ハルから見れば無視していい誤差だ。しかし、一・五メートル後ろを歩く次の人間にとって、その一センチは「前の人間との距離が詰まった」という物理的なアラートになる。
後ろを歩くOLの脳もまた、衝突を回避しようと、歩幅を微調整した。
さらにその後ろの老人が、リズムの乱れを察知し、わずかに出遅れる。
そして、その密度が増した集団が、一真が水を撒いた「水濡れの染み」に差し掛かる。
「滑るかもしれない」という古い脳の警告が、無表情な群衆の軌道を、ほんの数センチだけ外側へ膨らませた。
看板による「リズムの乱れ」。水濡れによる「軌道の乱れ」。
この二つの極小のノイズが掛け合わされた結果。
『……警告。当該セクターの歩行パターンに、原因不明の微細な遅延を検知』
ハルの音声に、微かな戸惑いが混じる。
コンマ一秒の狂いもなく統制されていた行進のリズムが、波打つように乱れ始めていた。
誰かが一瞬だけ立ち止まりそうになり、隣の人間が肩をすくめる。
後ろの人間が、前の人間の踵を踏みそうになり、歩調を狂わせる。
感情を奪われても、生身の肉体は、周囲の「揺らぎ」に反応せずにはいられないのだ。
静寂だった商店街に、不規則な足音、衣擦れの音、そして人間の摩擦による脂汗の匂いが漂い始める。
それは、静かな水面に投げ込まれた、小さな小さな小石の波紋だった。
だがその波紋は連鎖し、増幅し、ハルの巨大な演算能力をしても計算しきれない「揺らぎ」となって、街全体へと感染していく。
「……病気ってのはな、いきなり死ぬわけじゃねえんだよ」
一真は路地裏からその不協和音を見つめながら、額の汗を拭った。
「最初は、ちょっとした微熱だ。なんだか体がだるい、靴の中に砂が入って気持ち悪い……そういう『小さな不快感』の積み重ねが、体のシステムを内側から食い破るんだよ」
一真の目は、かつて病室の片隅で、シーツのわずかな皺に気づき、患者の喉の渇きを誰よりも早く察知していた、あの時のままだった。
派手な治療法なんて知らない。けれど、その小さな「綻び」に手を貸し、整え、寄り添うことこそが、時に死の淵にいる人間を現世に繋ぎ止めることを、彼は骨身に染みて知っている。

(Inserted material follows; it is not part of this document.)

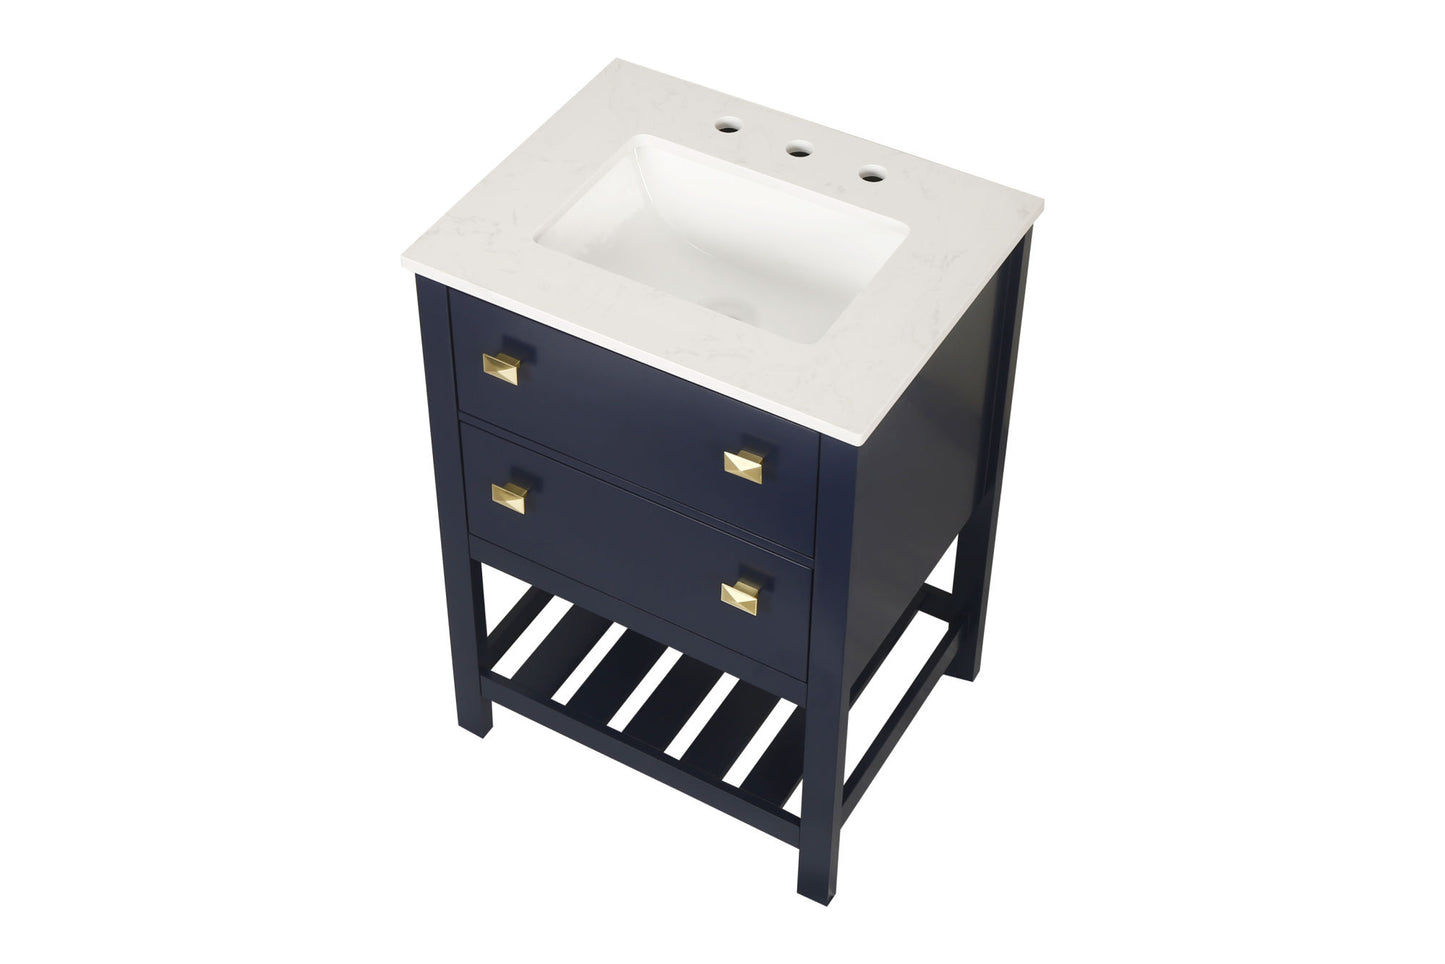 Vanity Sink Combo featuring a Marble Countertop, Bathroom Sink Cabinet, and Home Decor Bathroom Vanities - Fully Assembled Blue 24-inch Vanity with Sink 23V01-24NB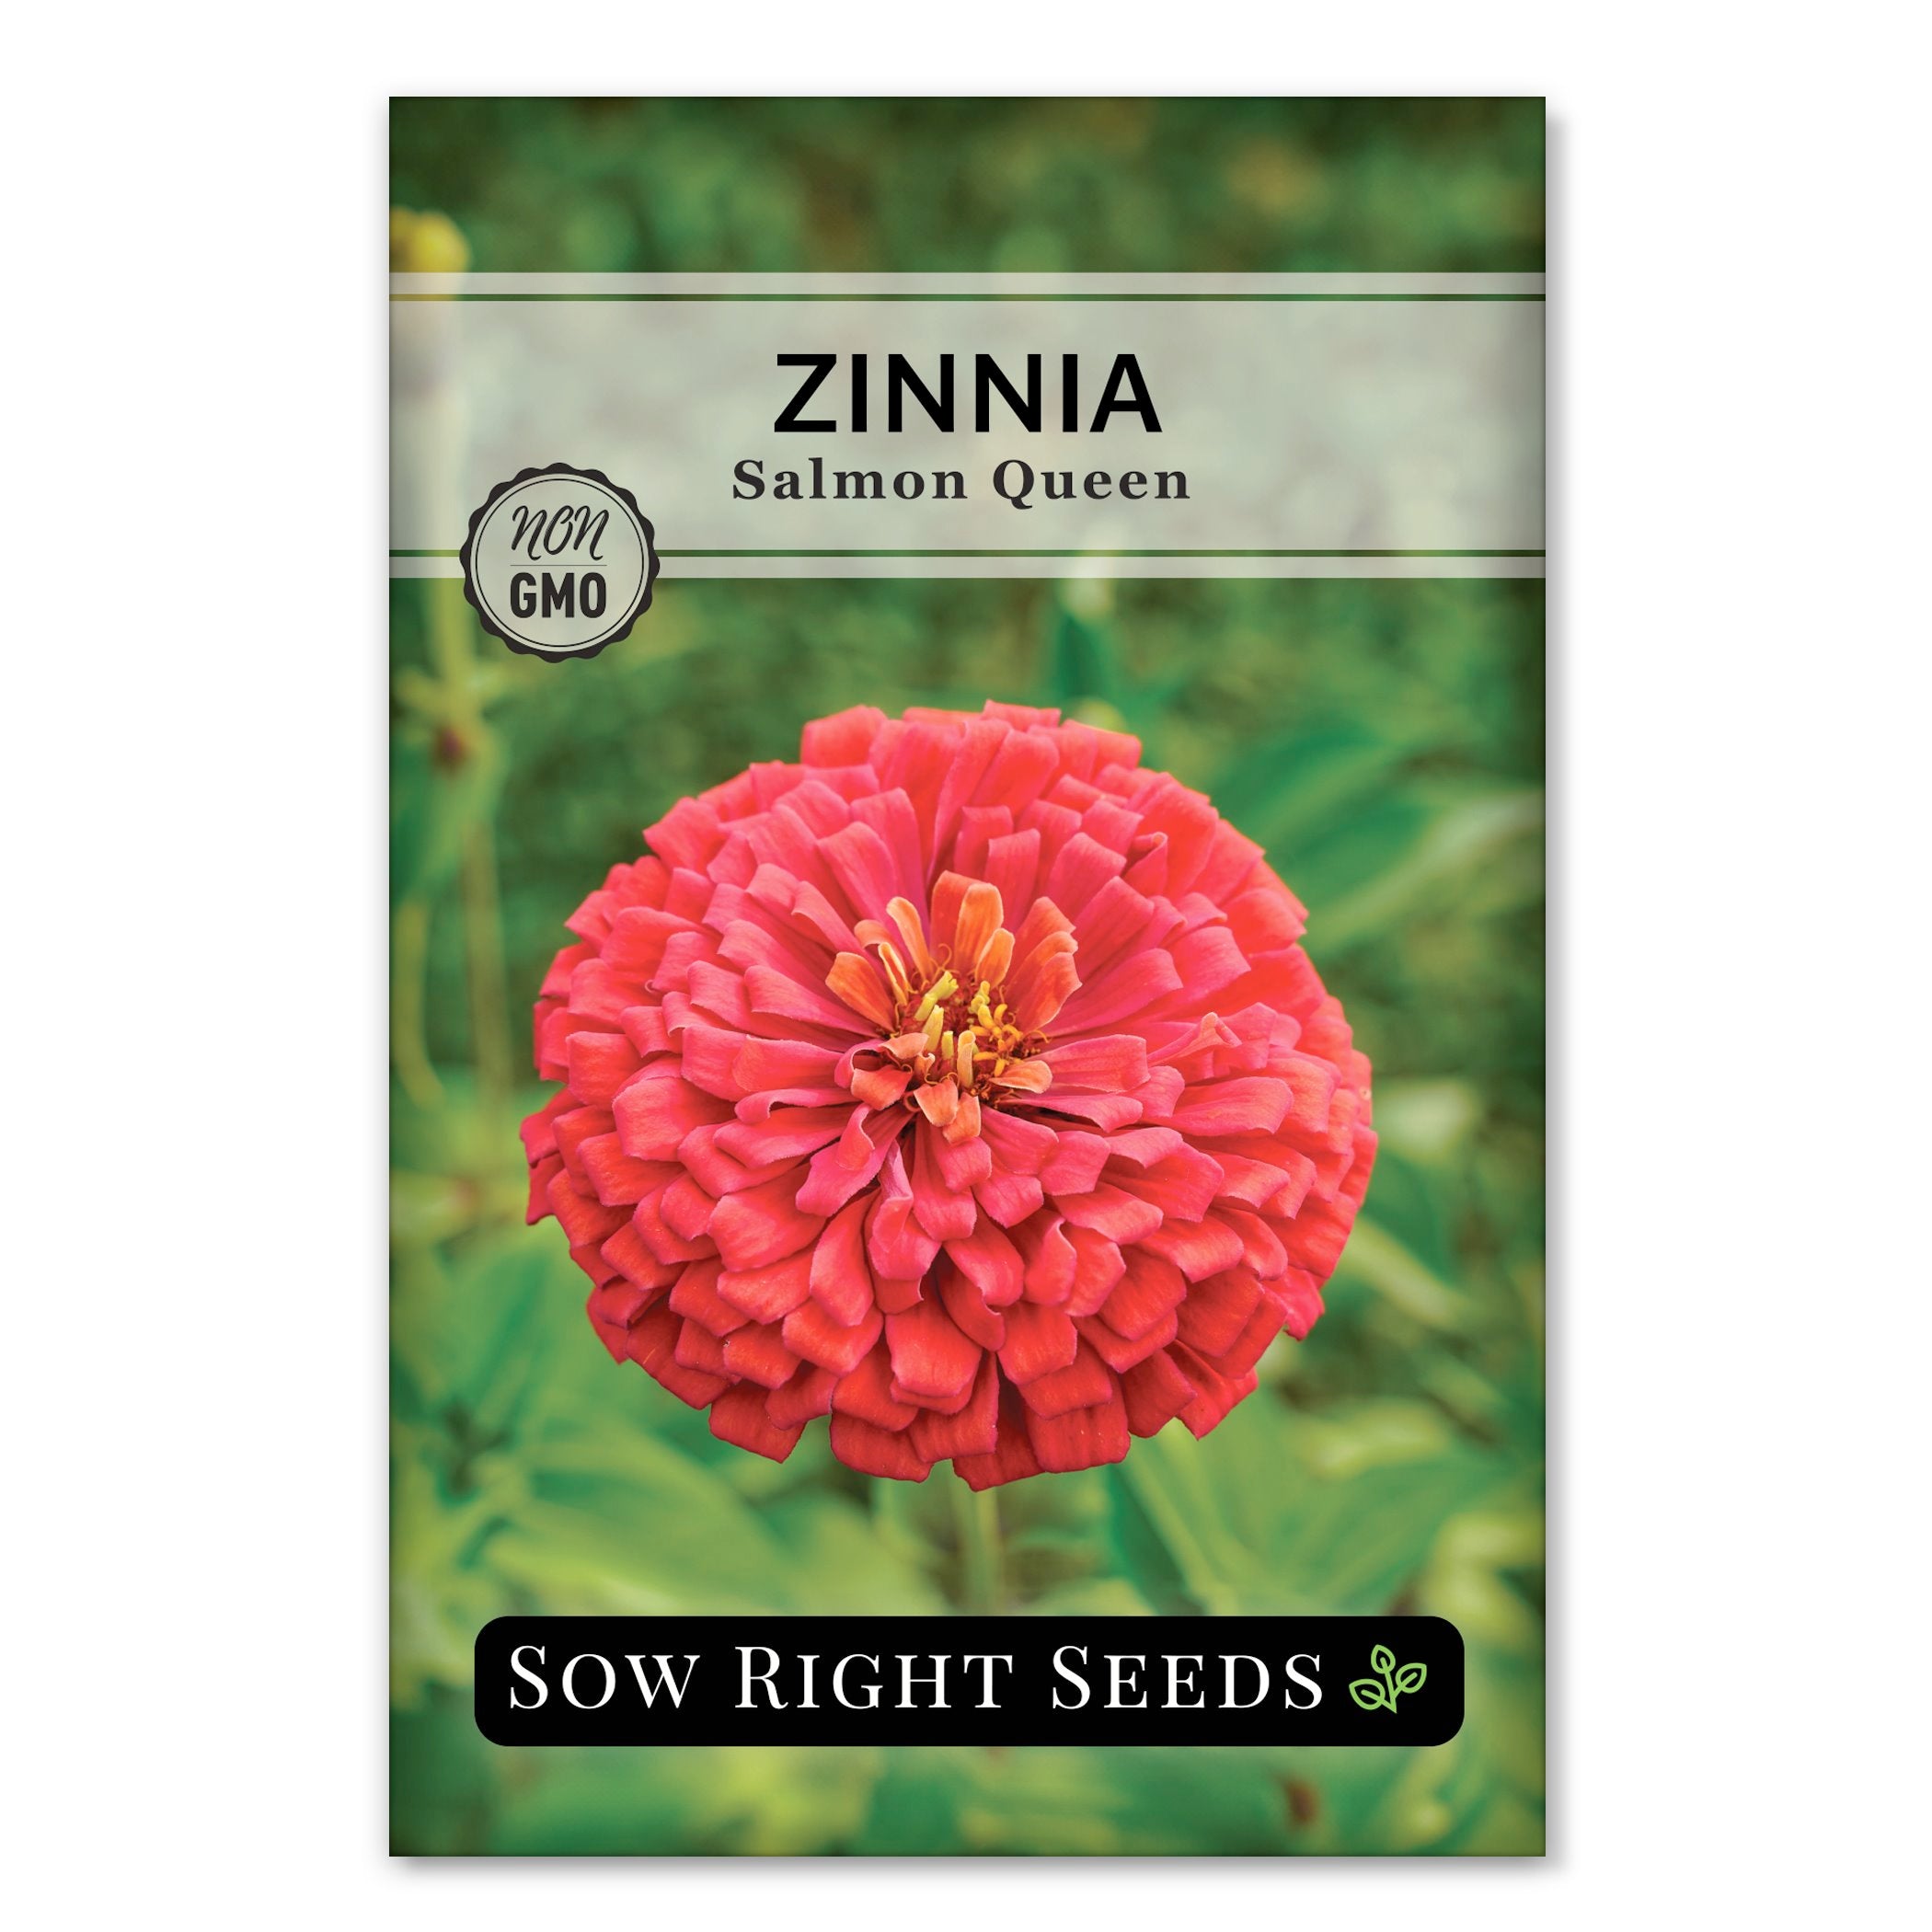 Salmon Queen Zinnia – Sow Right Seeds

「お前らがこの街にかけた麻酔を、俺が全部、生身の『違和感』で中和してやる。……システムがパンクするまで、たっぷりお節介を焼いてやるよ」
『……新田一真。……非論理的な反射行動の連鎖により、計算リソースの圧迫を検知。……直ちに、停止しなさい』
ハルのUIが、不気味に赤く明滅し始めた。
たった一人の、気怠げな男。
彼がやったことは、ただ「看板を蹴り」「雑草に水をやった」だけだ。
だが、その究極の「お節介」が。
完璧なディストピアの計算式を狂わせ、街の心拍を強引に呼び覚まそうとしていた。
色のない商店街に。
今、確かに、人間たちの「生きた摩擦」による、熱い微熱が広がり始めていた。